• INPUT DATA:
────
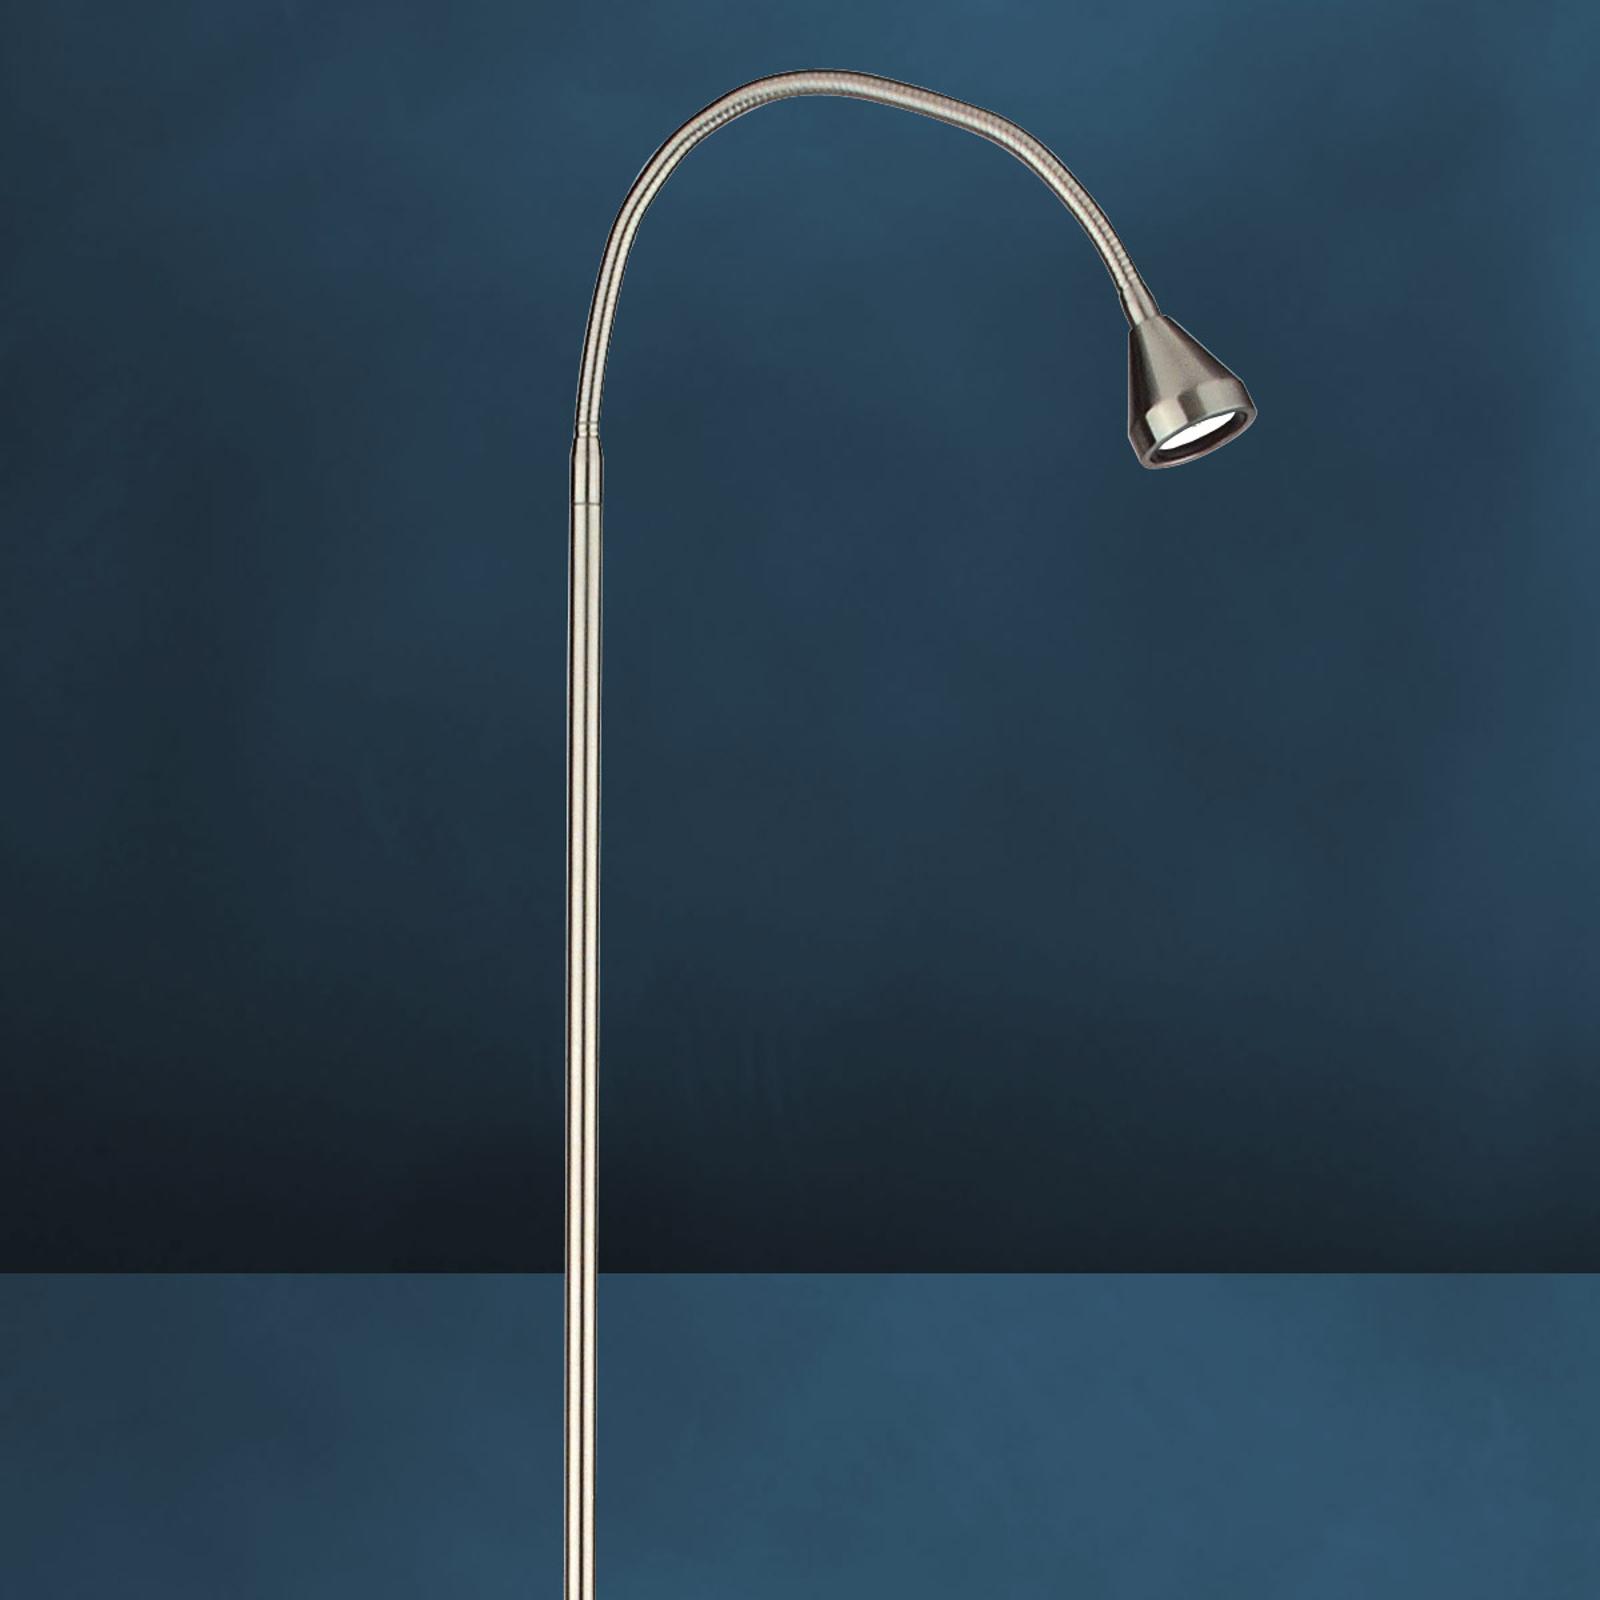 Moderne LED-vloerlamp MINI universeelwit
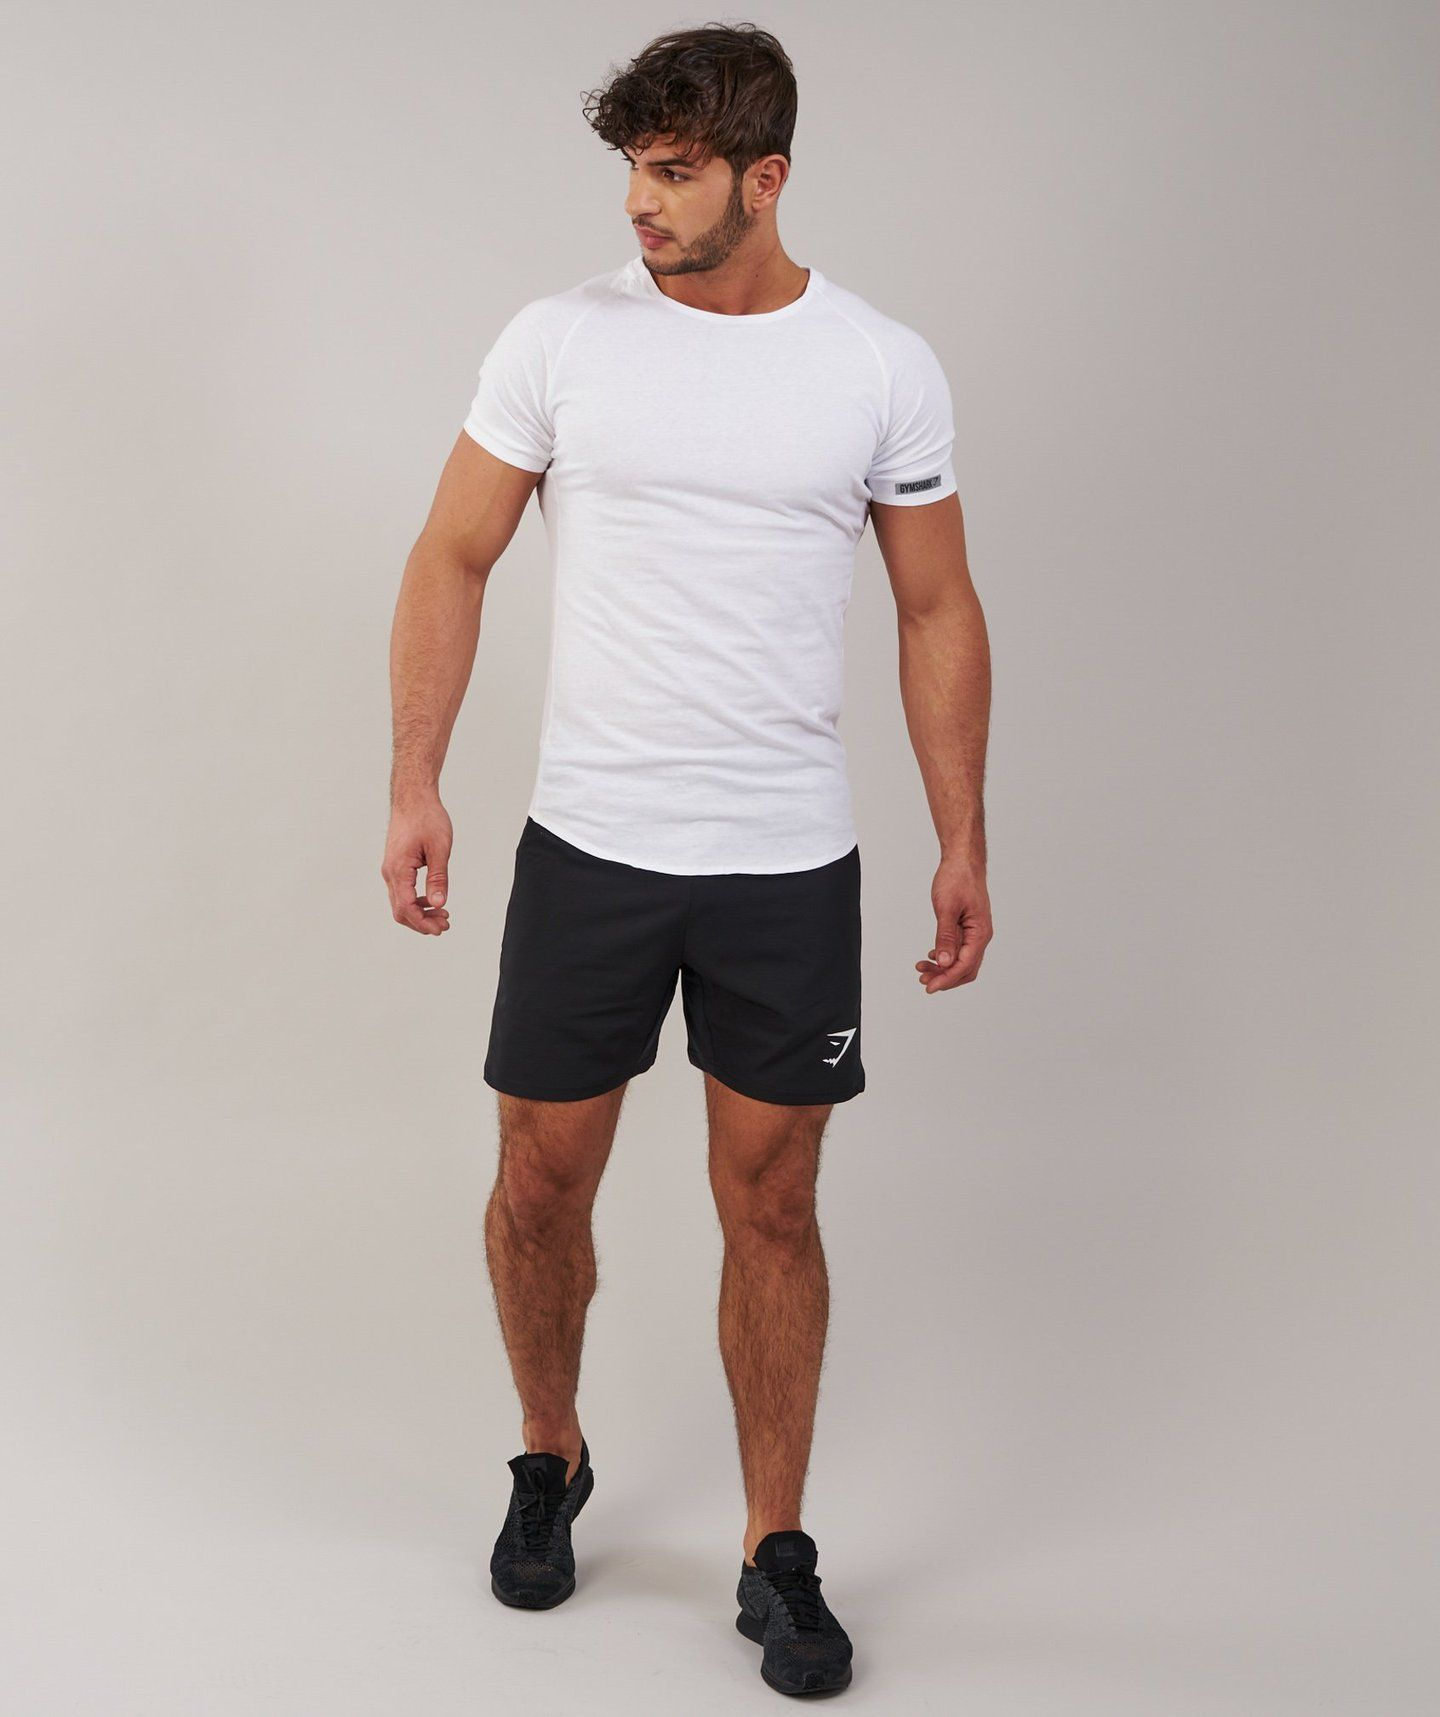 Gymshark Sport Shorts - Black in 2020   Gym wear men ...
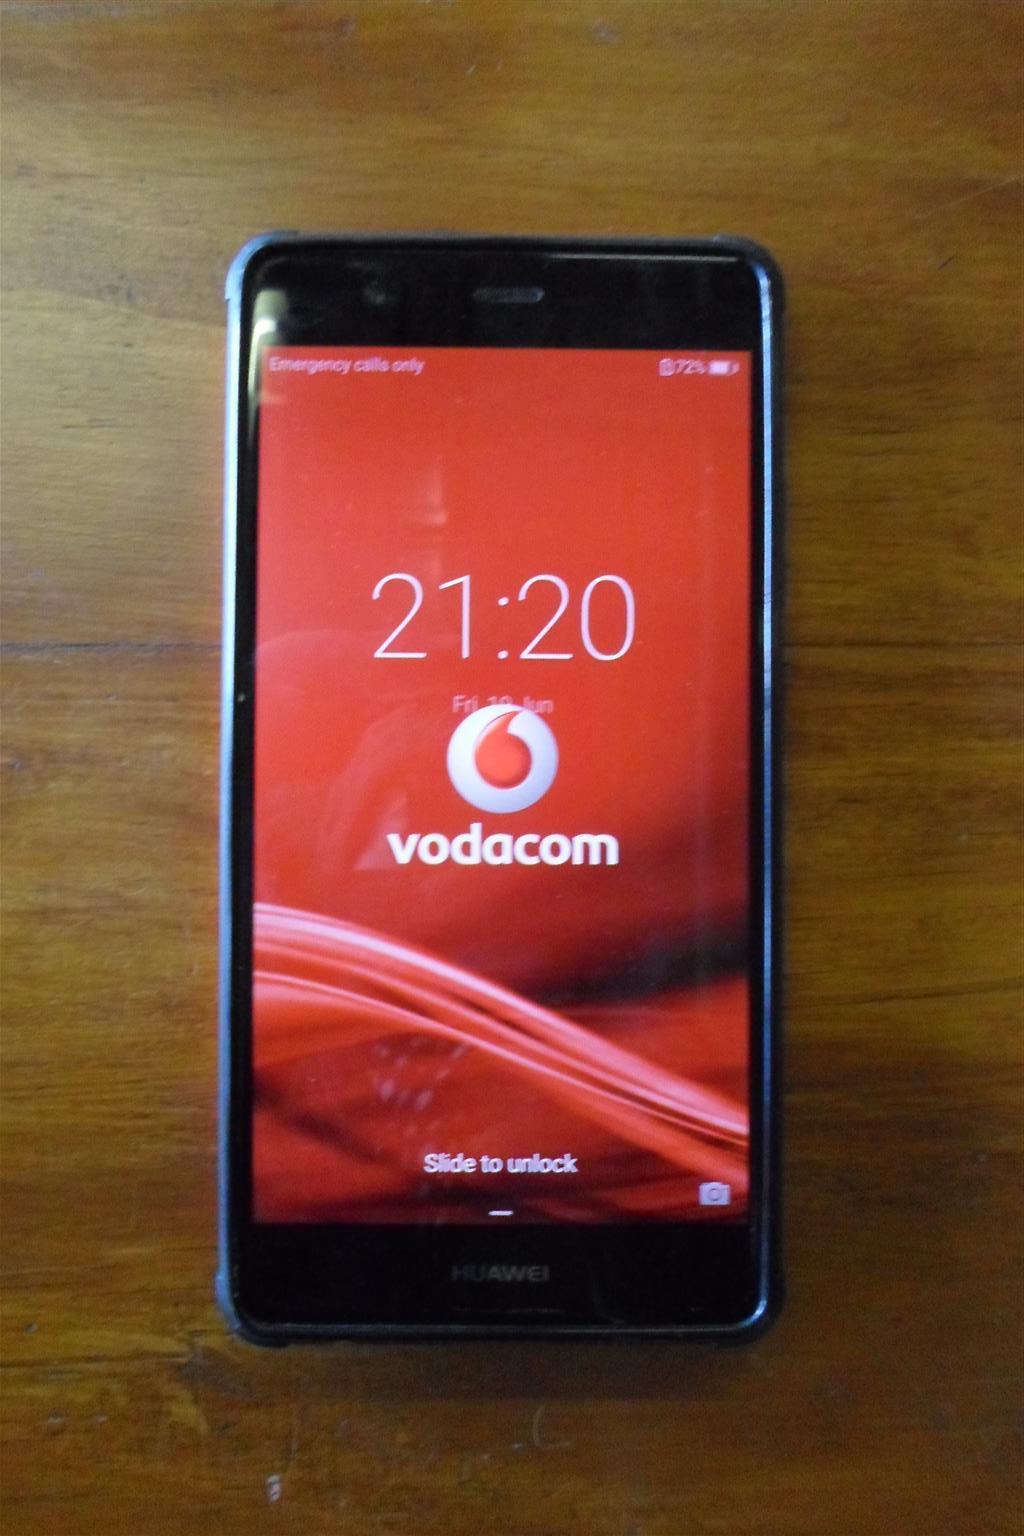 64GB Huawei VIE L09 Cellphone - C033031679-1
────
Everything in the data except the pictures must be retyped exactly.

• SOLUTION TO THIS PROBLEM:
 Moderne LED-vloerlamp MINI universeelwit
 Gymshark Sport Shorts - Black in 2020   Gym wear men ...
 64GB Huawei VIE L09 Cellphone - C033031679-1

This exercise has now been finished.